▸ **Required action**
Take the lines below from the one with "Korvpalli Eesti meistriliiga" through the one with "Hepadetox 45 gélules" and retype them exactly. Include nothing else, and no pictures.

▸ **Record set**
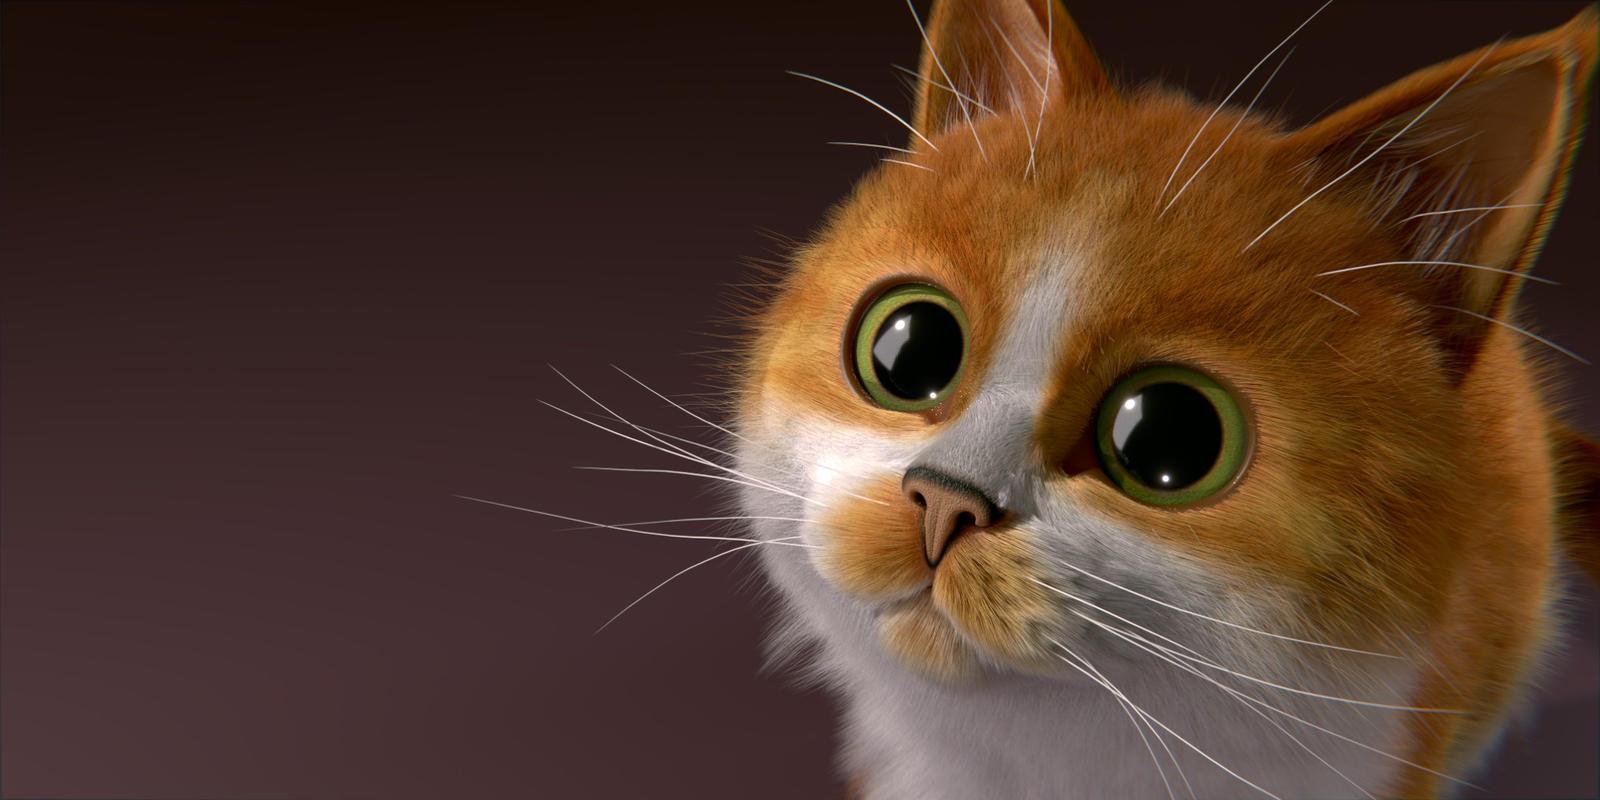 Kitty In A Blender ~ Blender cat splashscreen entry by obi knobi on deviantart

---

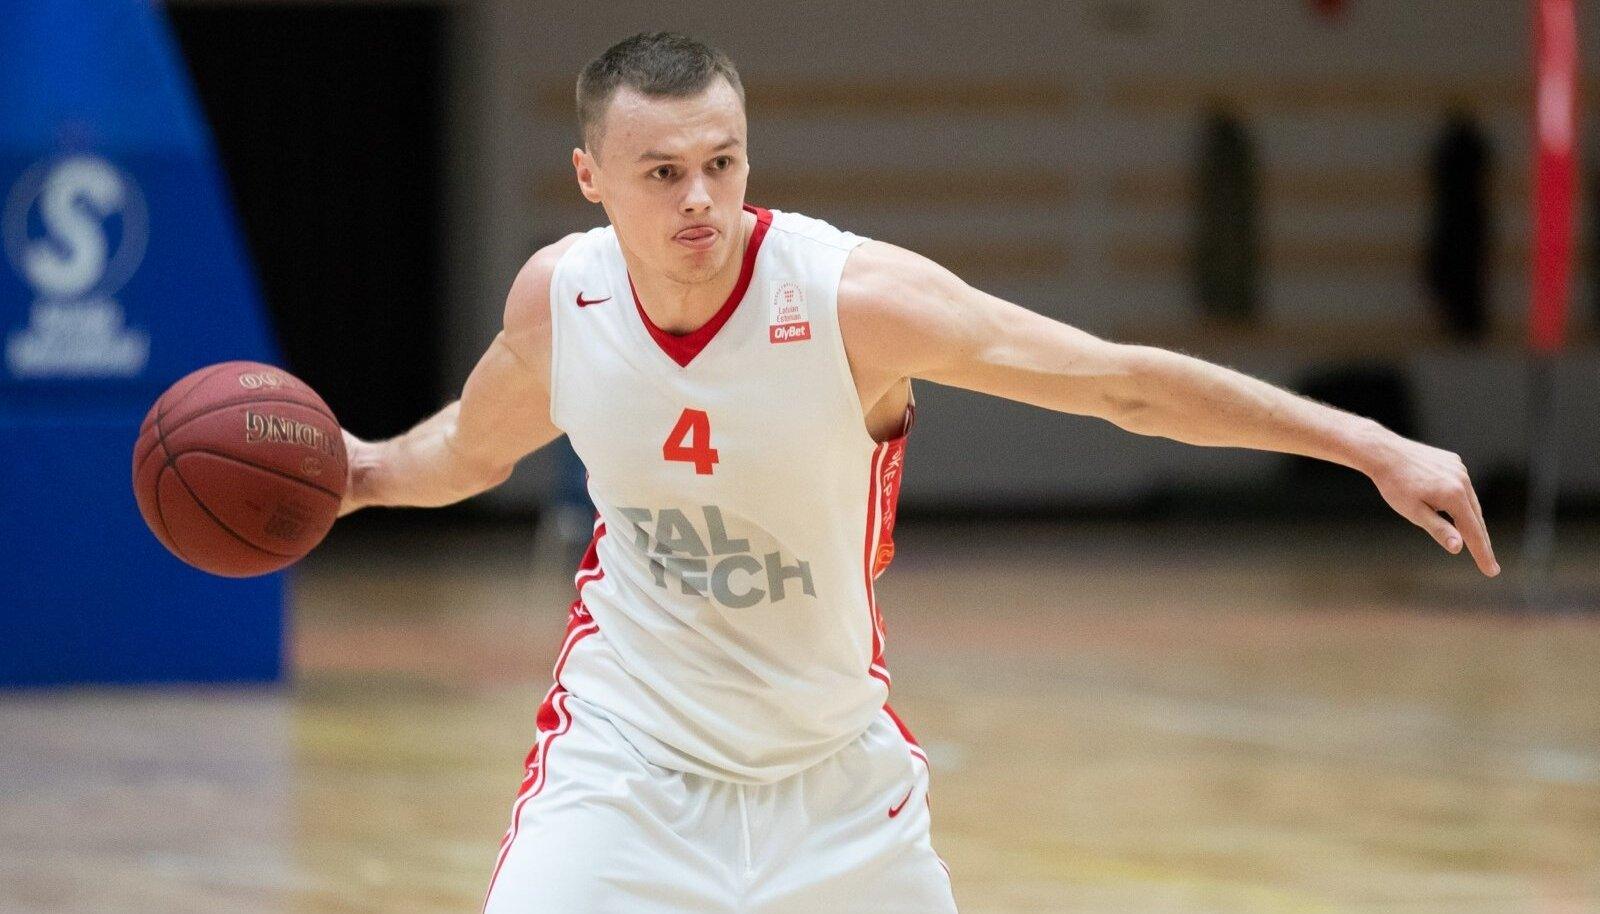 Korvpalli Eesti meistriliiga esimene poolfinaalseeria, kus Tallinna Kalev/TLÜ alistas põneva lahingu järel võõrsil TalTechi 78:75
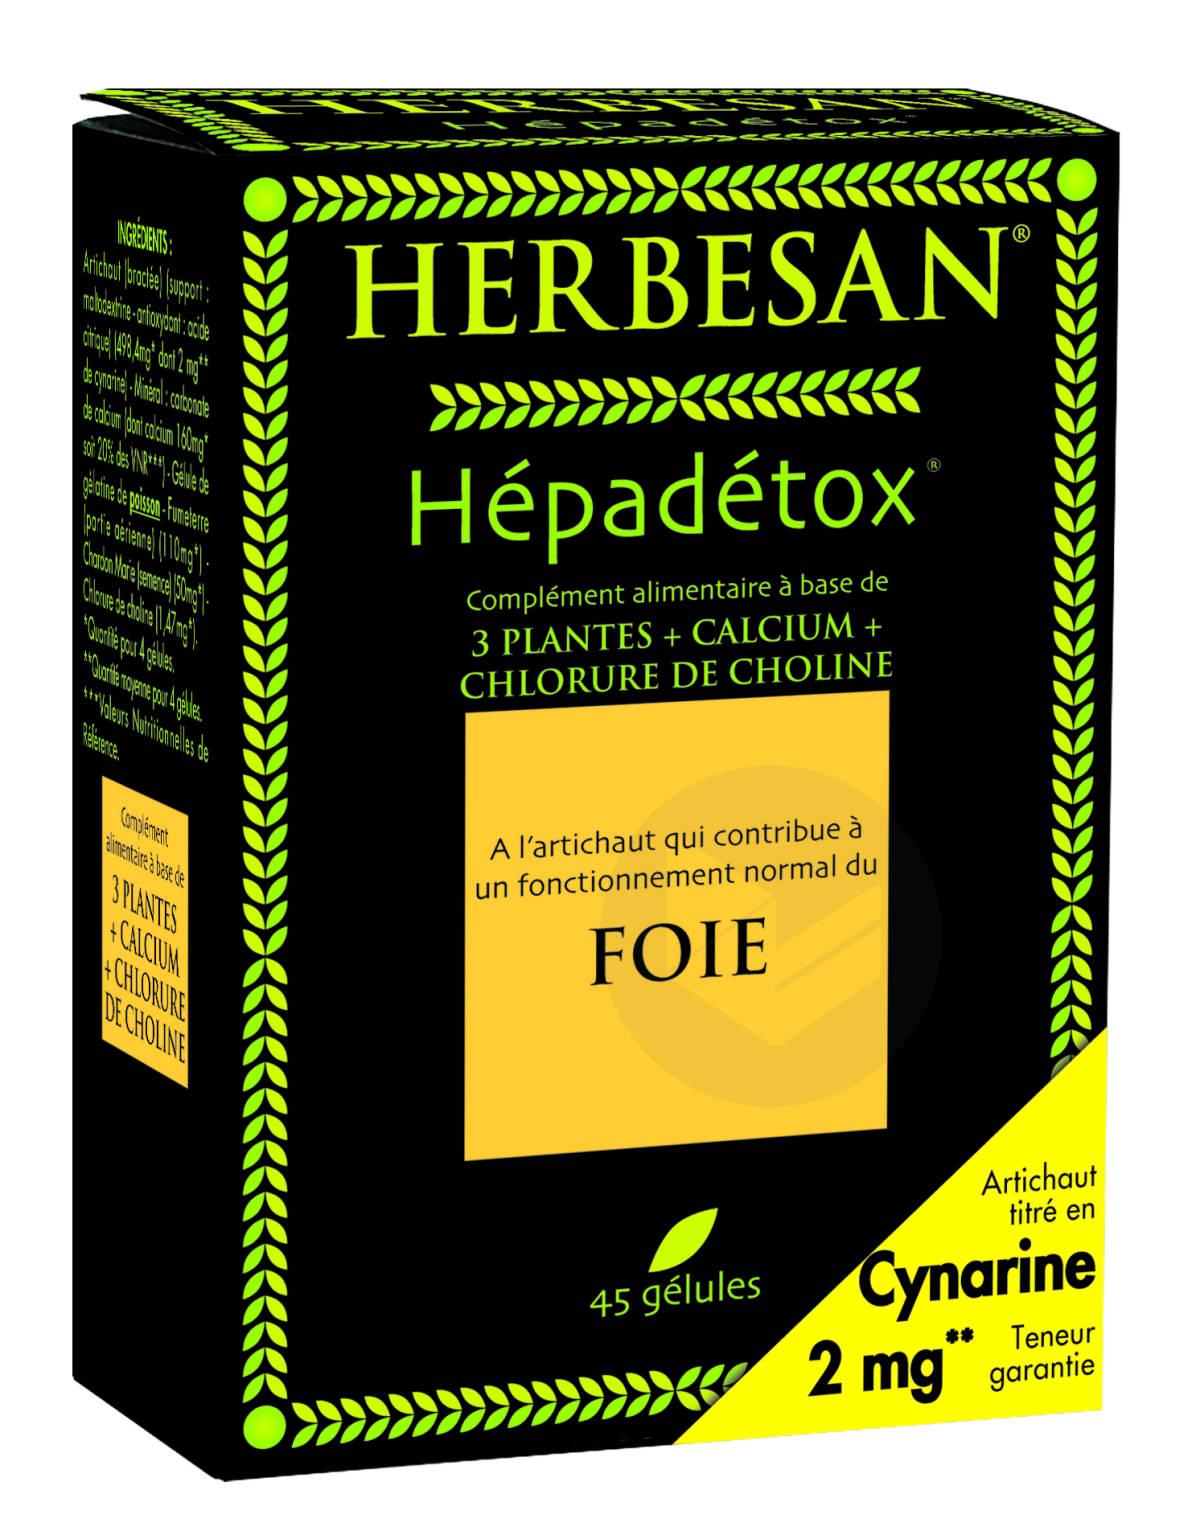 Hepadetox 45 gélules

==

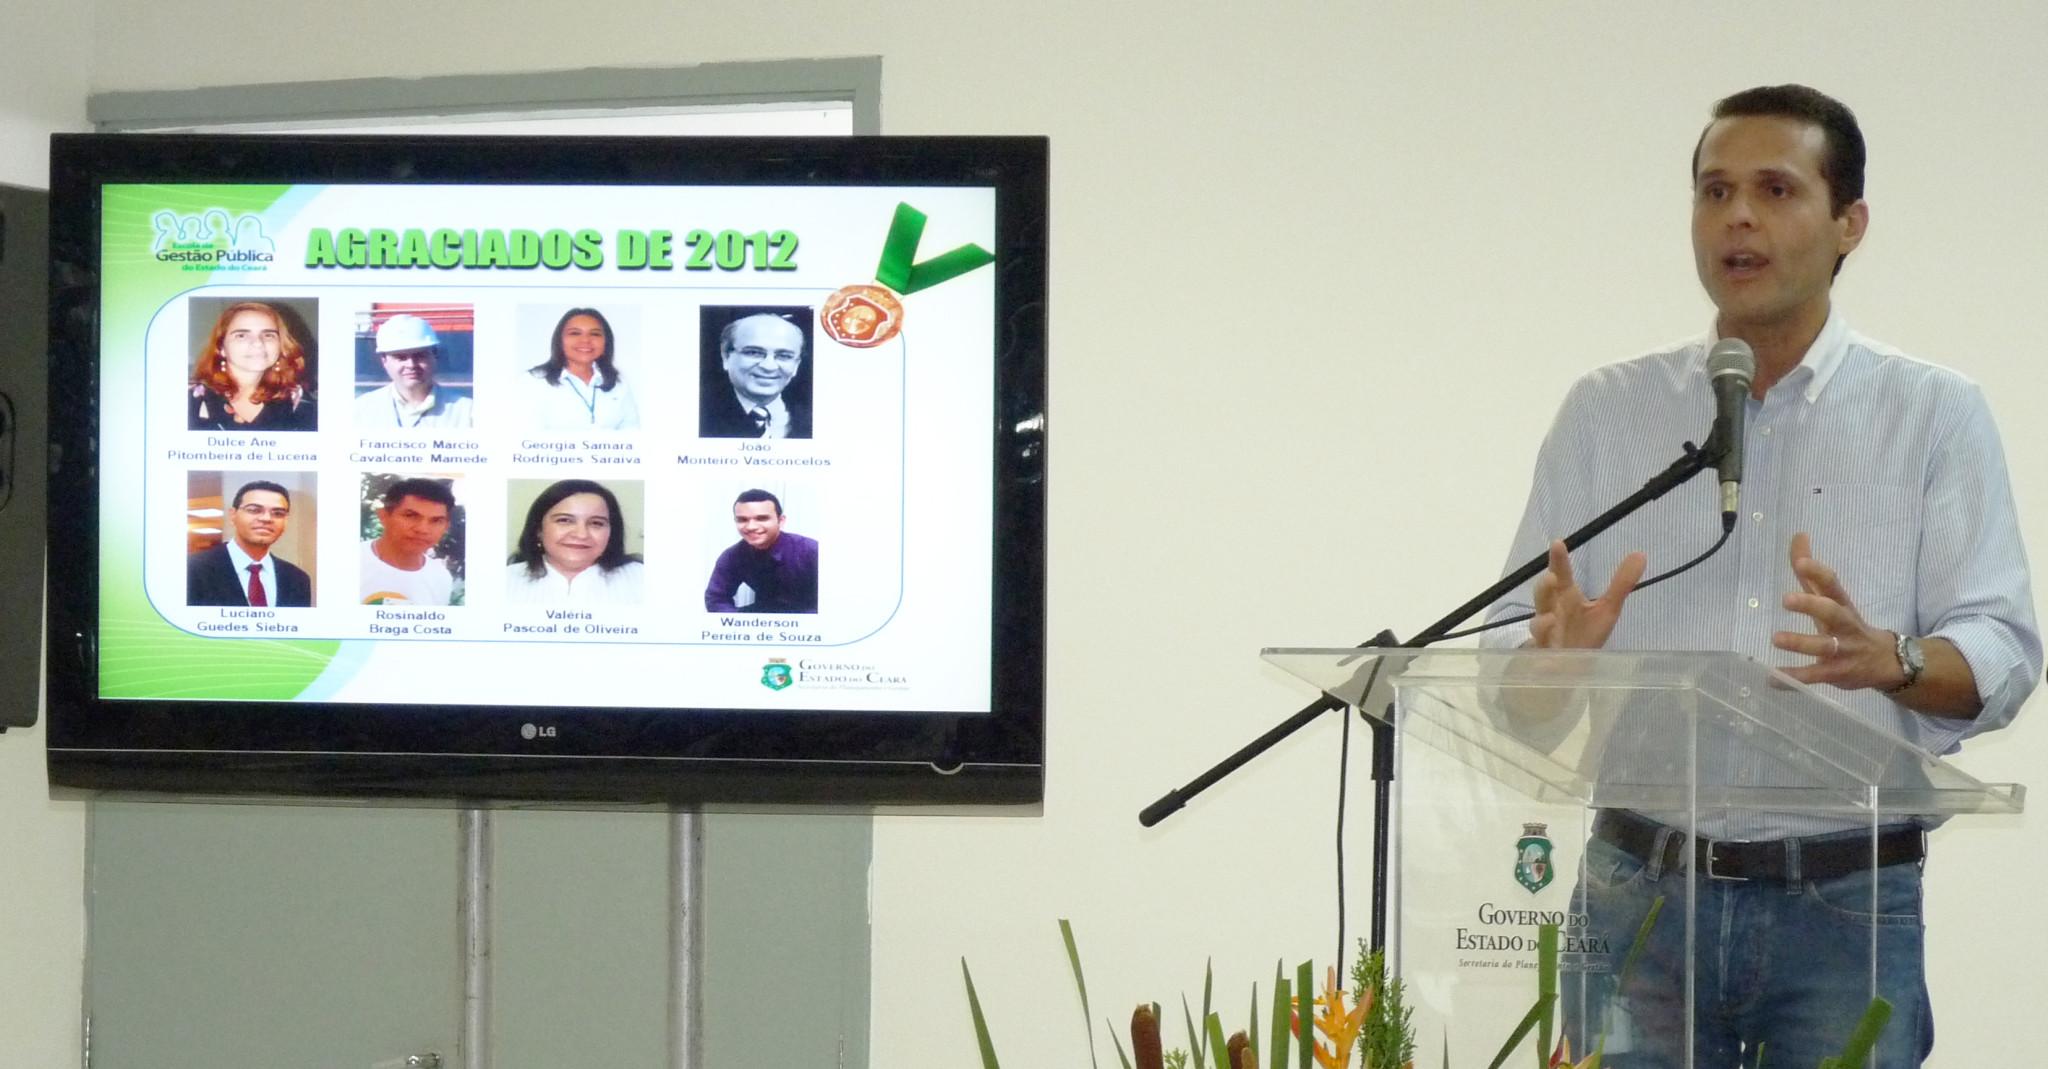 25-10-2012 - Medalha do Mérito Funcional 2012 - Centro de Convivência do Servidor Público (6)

▸ **Solution below**
 Korvpalli Eesti meistriliiga esimene poolfinaalseeria, kus Tallinna Kalev/TLÜ alistas põneva lahingu järel võõrsil TalTechi 78:75
 Hepadetox 45 gélules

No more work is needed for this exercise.